Let's go through the different tasks

Create the LXD Container

- name: Create LXD Container
  connection: local
  become: false
  lxd_container:
    name: "{{item}}"
    state: started
    source:
      type: image
      mode: pull
      server: https://cloud-images.ubuntu.com/releases
      protocol: simplestreams
      alias: 16.04/amd64
    profiles: ['default']
    wait_for_ipv4_addresses: true
    timeout: 600
  with_items:
    - "{{groups['containers']}}"
  • connection: local: means it's only running on your local machine.
  • become: false: don't use su or sudo to become a superuser.
  • lxd_container: ...: this is the Ansible LXD module definition. Read the documentation about this module here: Ansible LXD Documentation
  • with_items: ...: this is one of the many Ansible loop statements. In this case, we are looping over the Inventory Group 'containers' (which we defined in the inventory file earlier).

The "{{item}}" will be prefilled by the loop from with_items:..., again a hint to read the good documentation of Ansible about loops.

Check if Python2 is installed inside the container

- name: Check if Python2 is installed in container
  delegate_to: "{{item}}"
  raw: dpkg -s python
  register: python_check_is_installed
  failed_when: python_check_is_installed.rc not in [0,1]
  changed_when: false
  with_items:
    - "{{groups['containers']}}"
  • delegate_to:...": this key tells ansible to not use the default connection anymore, but to delegate the connection and the work to the host mentioned in delegate_to.
  • raw:...: This key advises Ansible to use the raw module. Raw means, we don't actually have anything running, no Python for example, which we need for Ansible.
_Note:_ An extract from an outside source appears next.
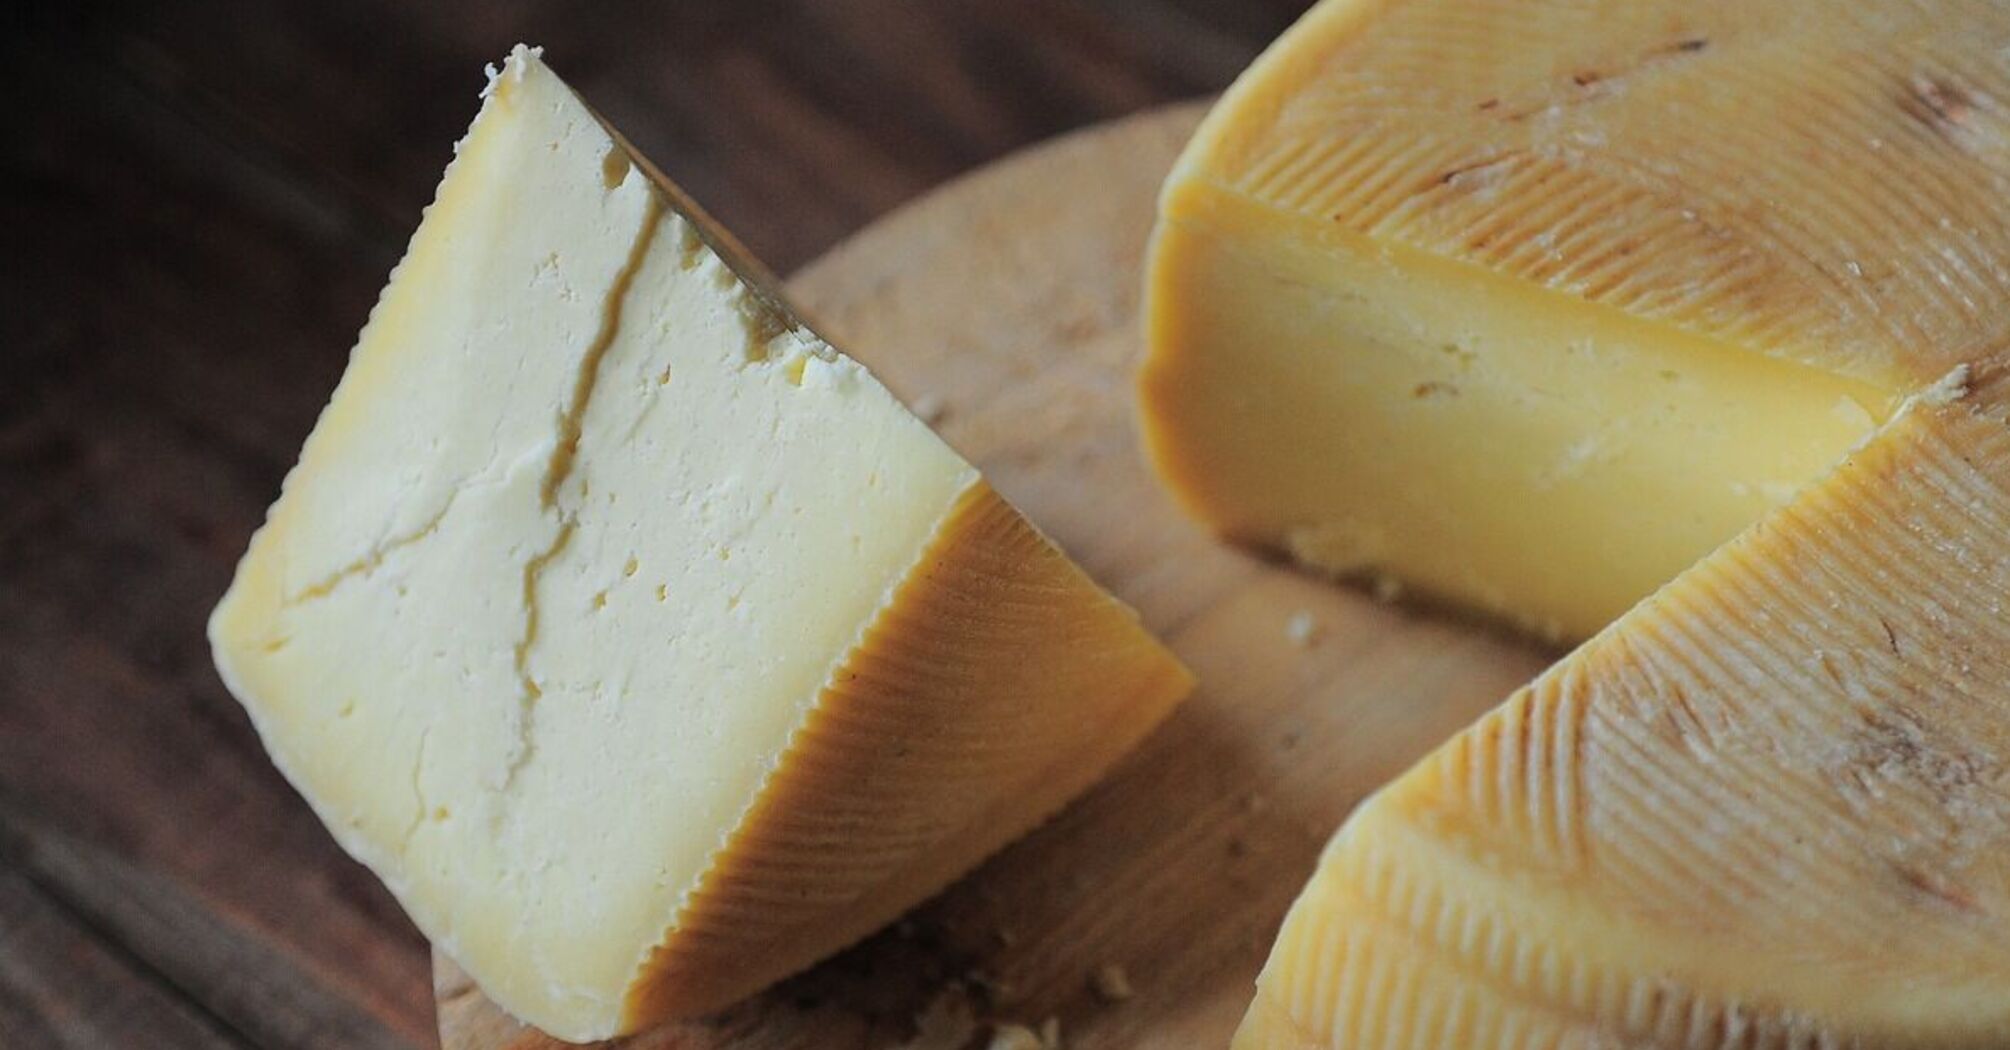 Не спешите класть в корзину: как быстро оценить качество сыра перед покупкой

So it just using an SSH connection (by default) or for now, it's using a local LXD connection (like lxc exec <container-name> -- <command>). In this case we are executing dpkg -s python, we want to find out of if Python2 is installed.
  • register: ...: during execution of the raw: ... command, Ansible is able to catch the output (stdout, stderr) and the result code of the raw: ... command. register: ... will define a "variable" to store this result. Normally this "variable" is a Python/JSON dictionary for a particular host, but as we are iterating through the 'containers' inventory group, this 'variable' has a results array (which we will use in the next task), where Ansible stores all outputs of all hosts checks. During the task execution but, this 'variable' is still usable as a single result set.
  • failed_when: ...: this will stop the task, if the registered 'variable' is not accessible or the return code is not 0 or 1 (so command returned no success or no real fail, but something else). (more documentation you can find here)
  • changed_when: false: so whenever this tasks runs, it will always change it status, and this would mean Ansible would report one change (i.e. return code changed). To prevent this, we set this to false.(more documentation you can find here)
  • with_items: ...: this is one of the many Ansible loop statements. In this case, we are looping over the Inventory Group 'containers' (which we defined in the inventory file earlier).

The "{{item}}" will be prefilled by the loop from with_items:..., again a hint to read the good documentation of Ansible about loops.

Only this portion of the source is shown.